When jumping on land, the mangrove rivulus does a "tail flip", flipping its head over its body towards the tail end. The rivulus' jumping technique gives it an ability to direct its jumps on land and to make relatively forceful jumps. A team of scientists associated with the Society for Experimental Biology released a video in 2013 showing the jumping technique.
The species consists mostly of hermaphrodites which are known to reproduce by self-fertilization, but males do exist, and strong genetic evidence indicates occasional outcrossing. They are also the only simultaneous hermaphroditic vertebrates, and the concentration of males to hermaphrodites can vary depending on the local requirement for genetic diversity (for example, if an increase in the local parasite population occurred, secondary male numbers might increase).

K. marmoratus produces eggs and sperm by meiosis and routinely reproduces by self-fertilization.
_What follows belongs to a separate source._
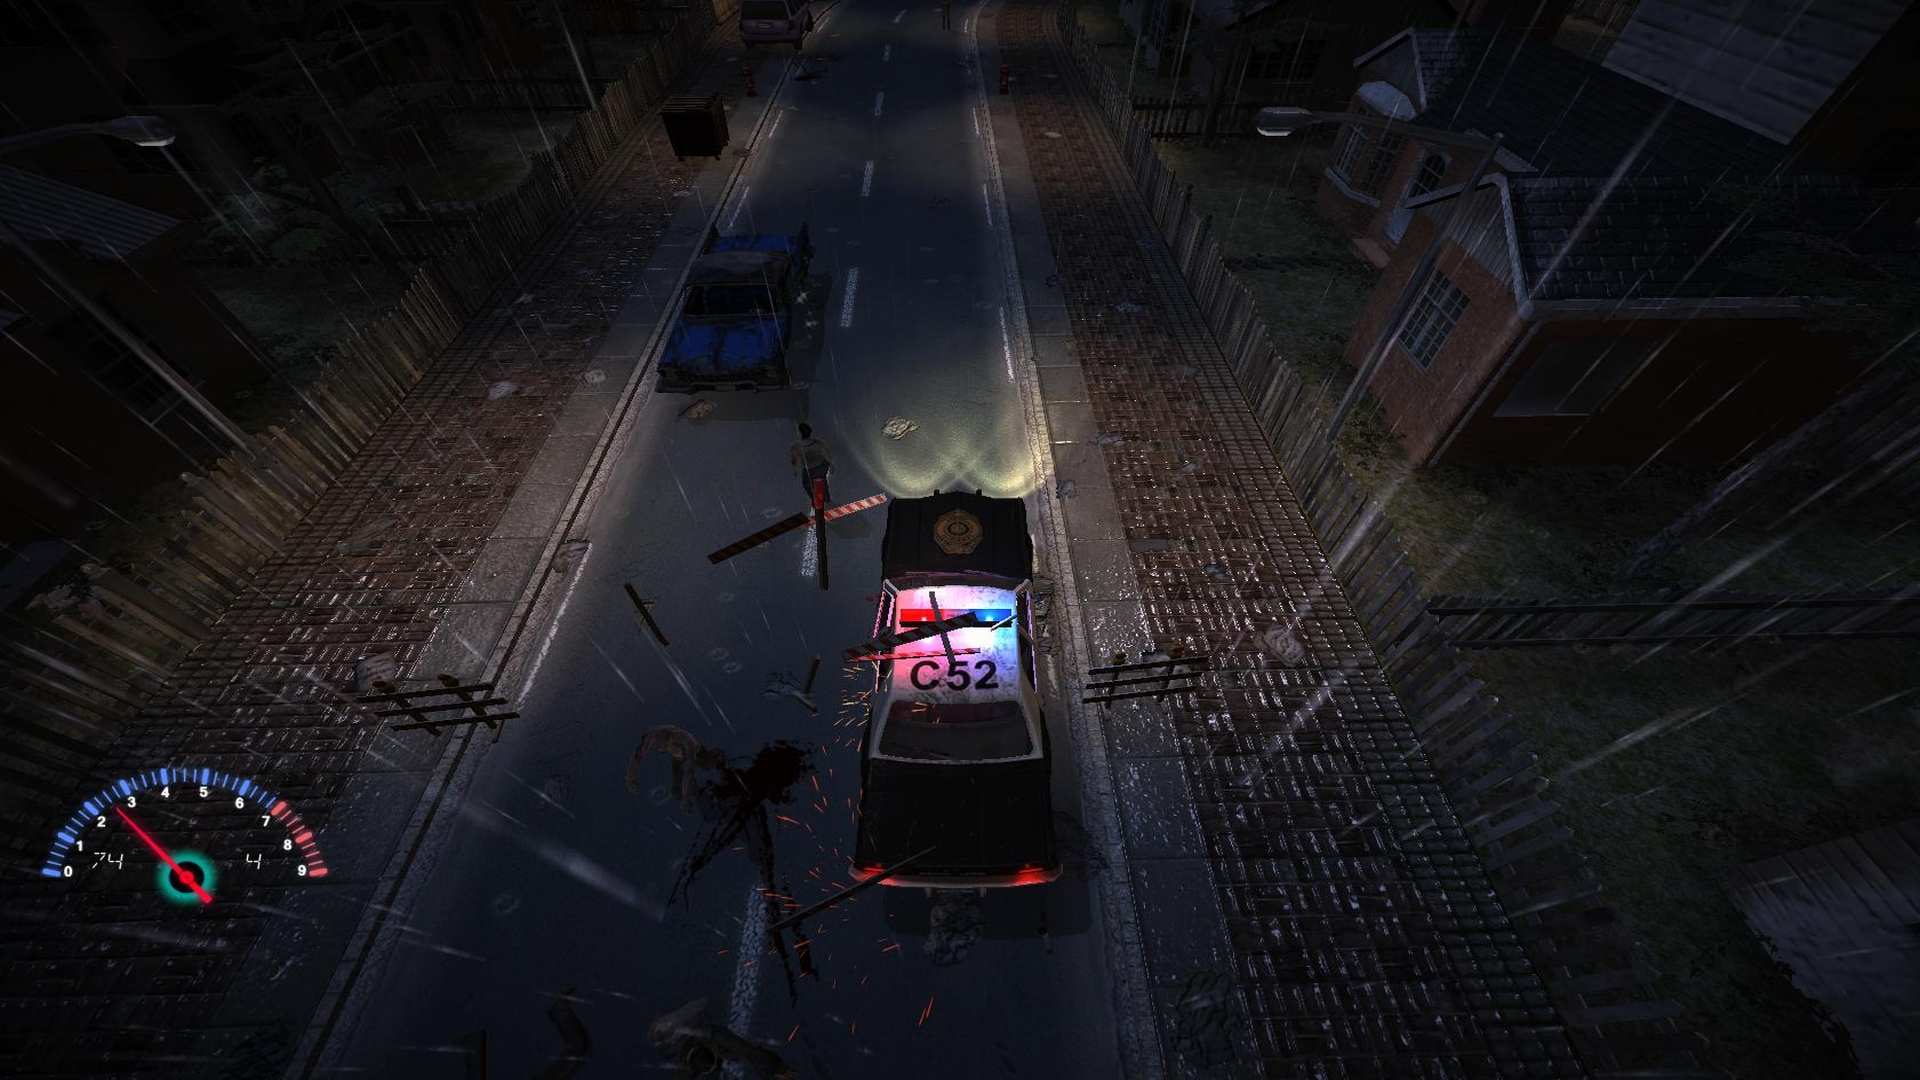 تحميل لعبة Trapped Dead Lockdown-FLT 1.57gb ss_c897a388eabe0b915

Each individual hermaphrodite normally fertilizes itself when an egg and sperm that it has produced by an internal organ unite inside the fish’s body. In nature, this mode of reproduction can yield highly homozygous lines composed of individuals so genetically uniform as to be, in effect, identical to one another. The capacity for selfing in these fishes has apparently persisted for at least several hundred thousand years. Meioses that lead to self-fertilization can reduce genetic fitness by causing inbreeding depression. However, self-fertilization does provide the benefit of “fertilization assurance” (reproductive assurance) at each generation. Meiosis can also provide the adaptive benefit of efficient recombinational repair of DNA damages during formation of germ cells at each generation. This benefit may have prevented the evolutionary replacement of meiosis and selfing by a simpler type of clonal reproduction such as ameiotic or apomictic parthenogenesis.
Conservation
This species is extremely vulnerable to habitat modification and fragmentation, environmental alteration, and human development/encroachment.
Conservation designation
Status reviews
Taylor (1999) is the last status review for the species.